Data section =
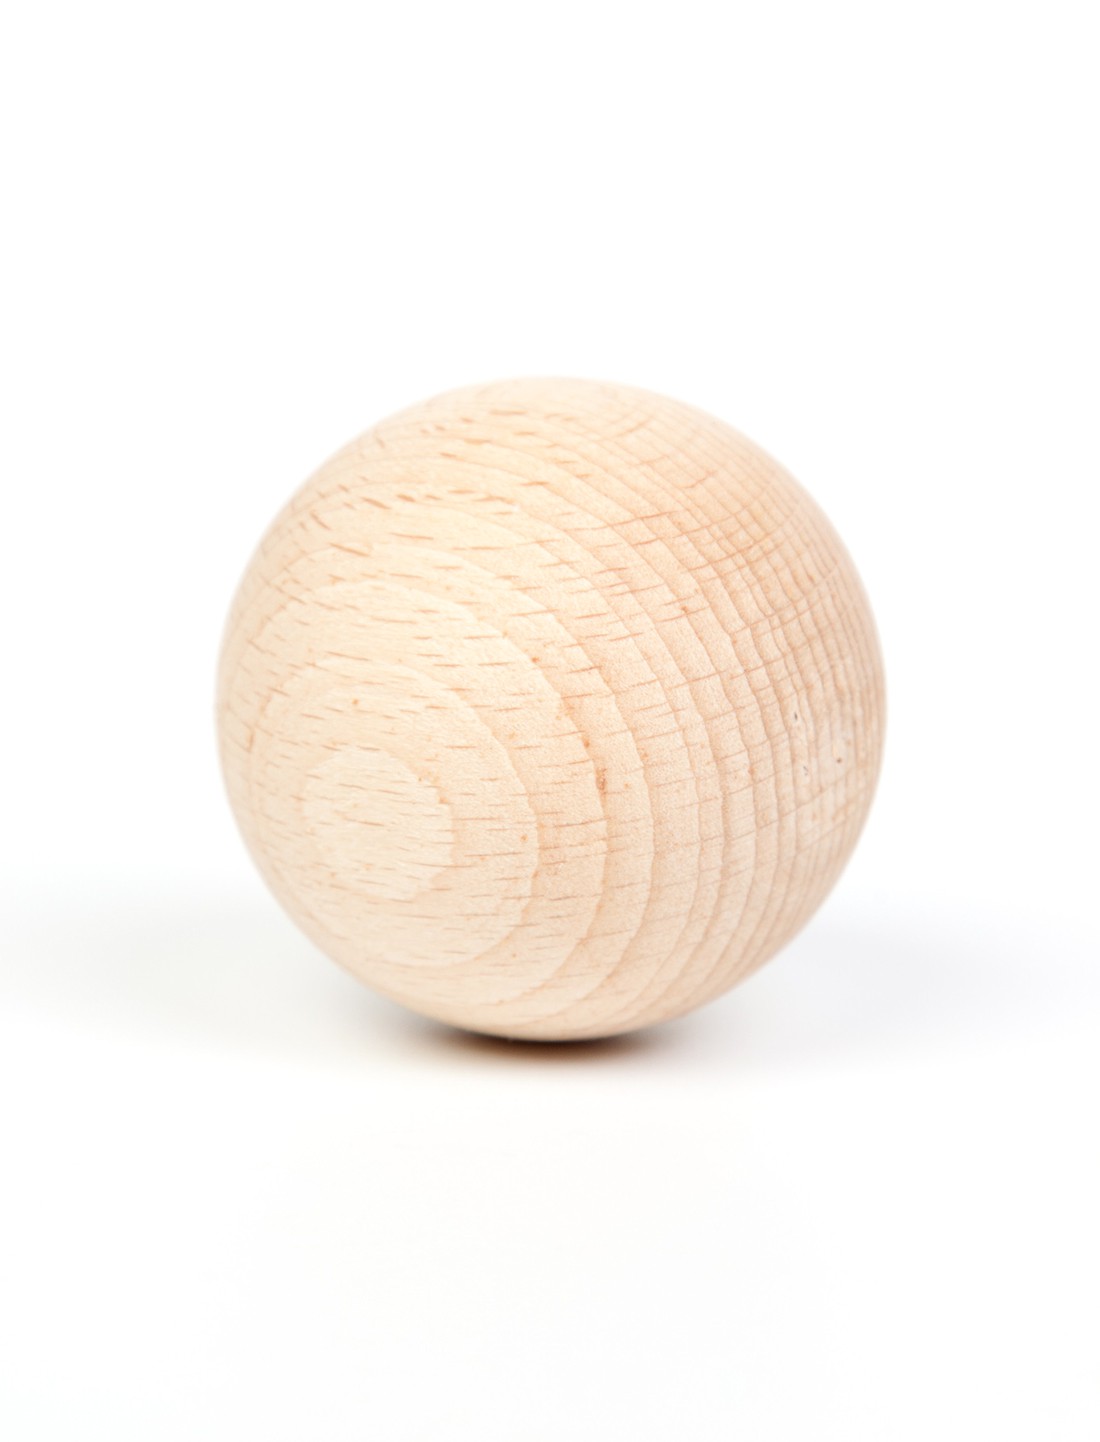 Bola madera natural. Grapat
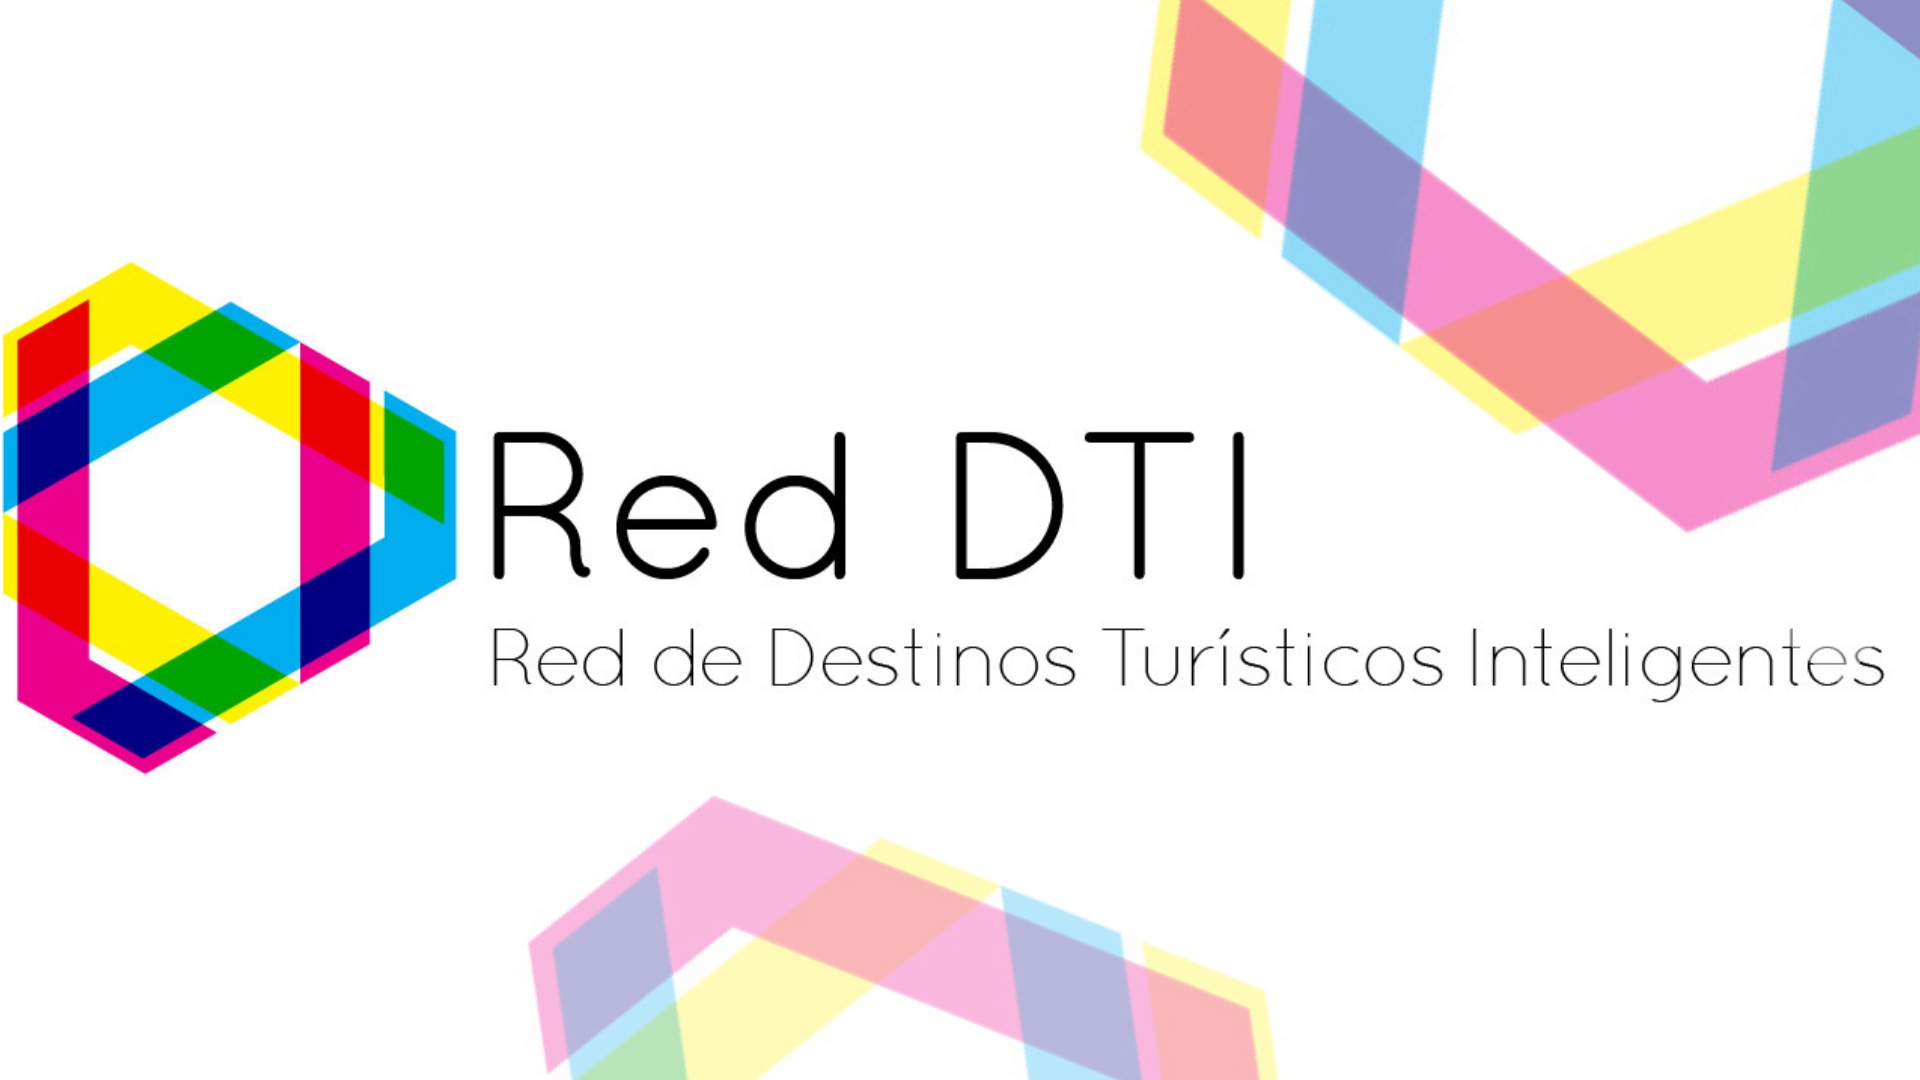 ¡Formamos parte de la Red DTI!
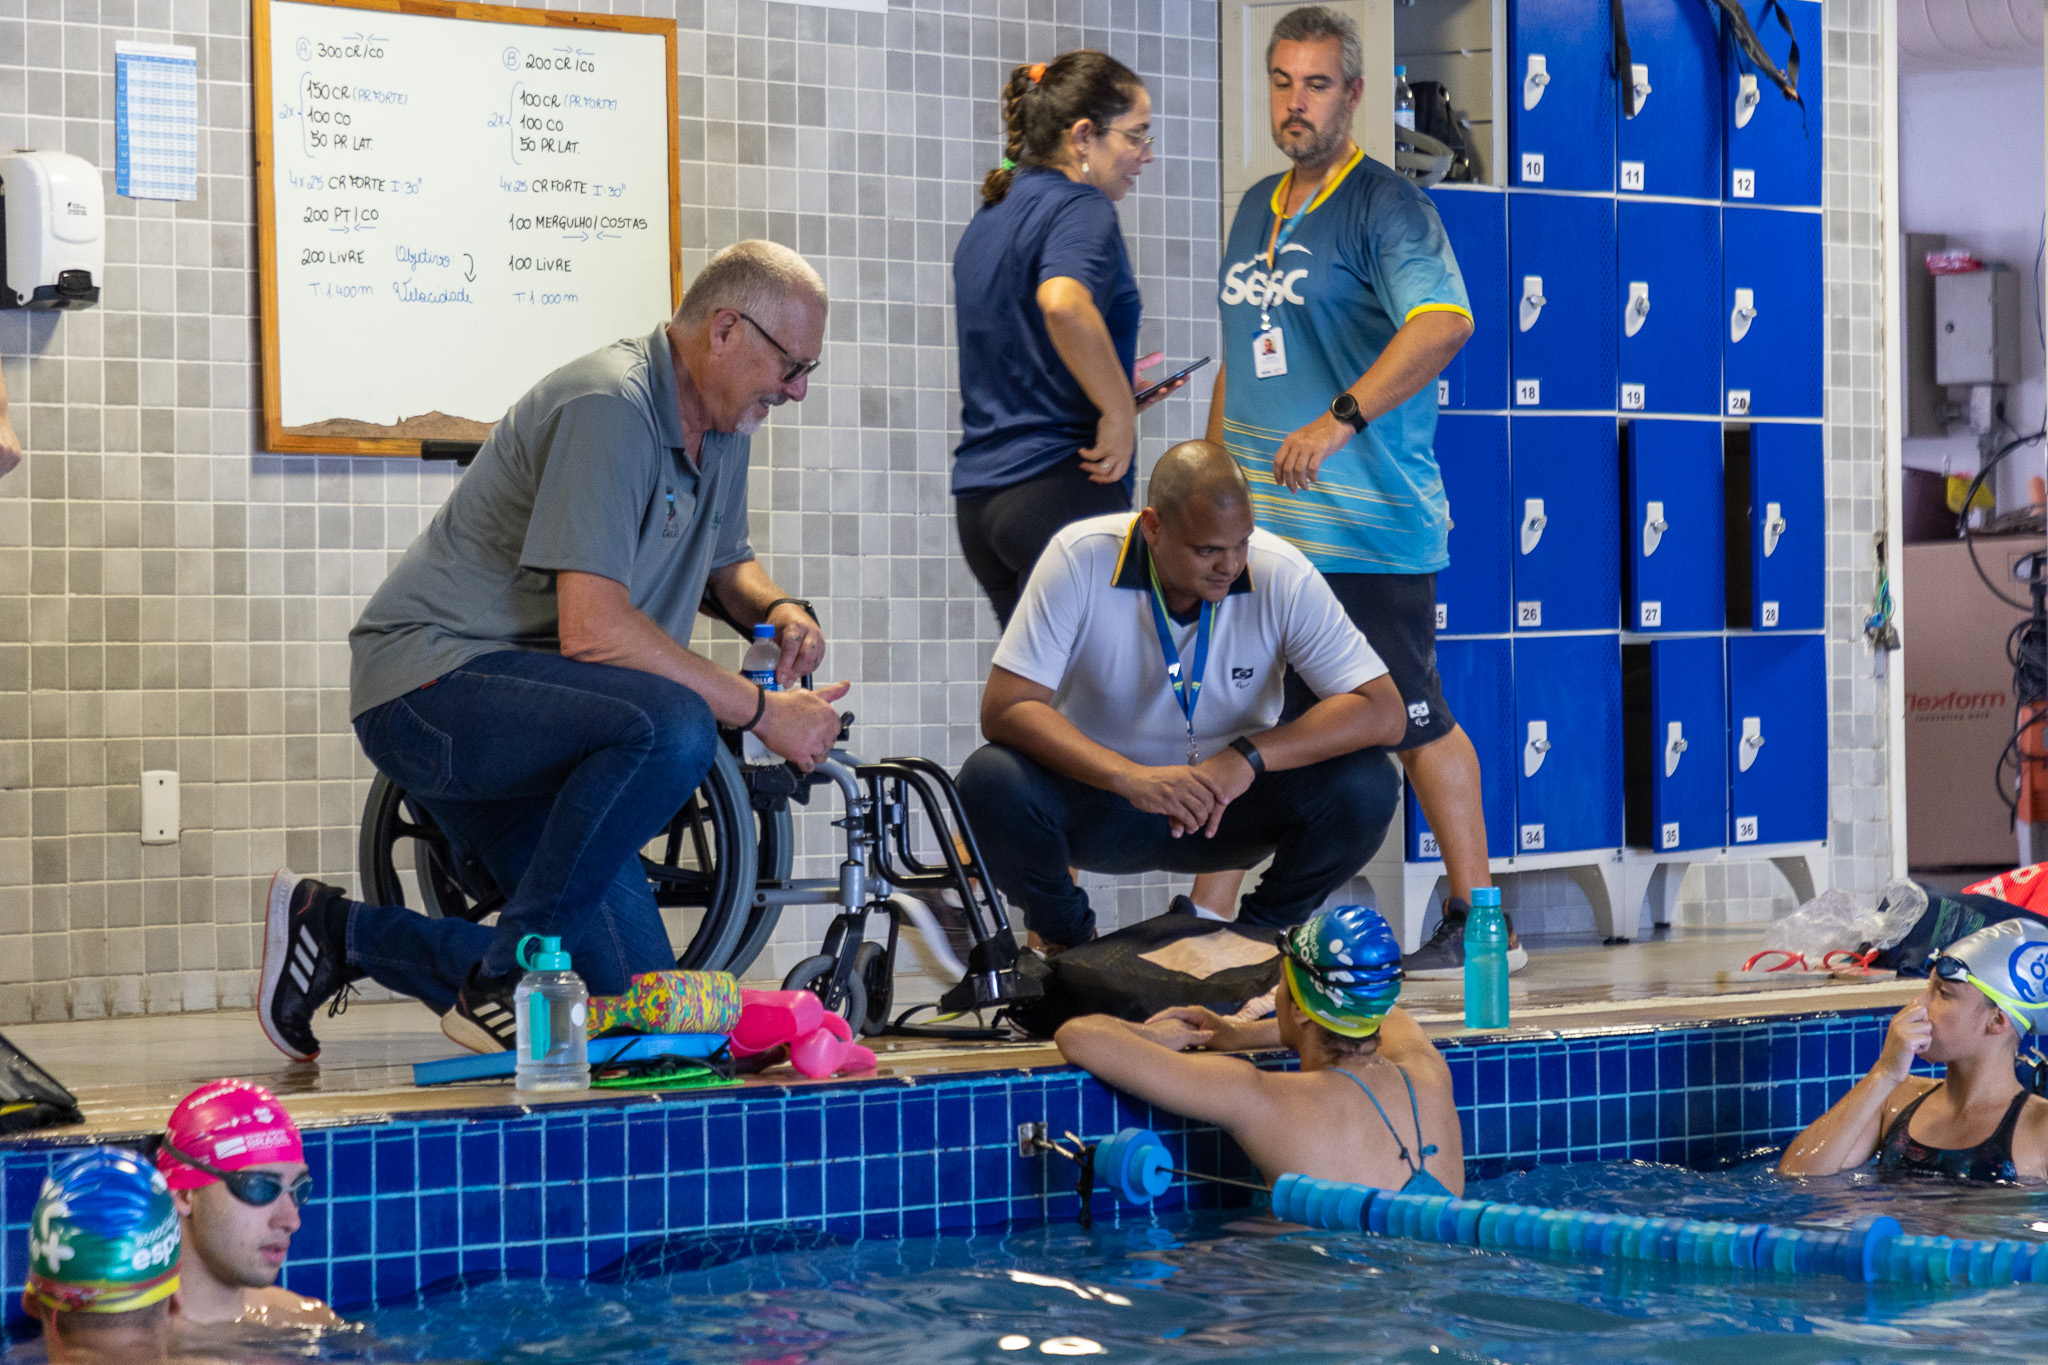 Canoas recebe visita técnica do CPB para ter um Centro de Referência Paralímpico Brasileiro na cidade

About this task =
Working from the listing above, retype it exactly but include no images.

Task solution =
 Bola madera natural. Grapat
 ¡Formamos parte de la Red DTI!
 Canoas recebe visita técnica do CPB para ter um Centro de Referência Paralímpico Brasileiro na cidade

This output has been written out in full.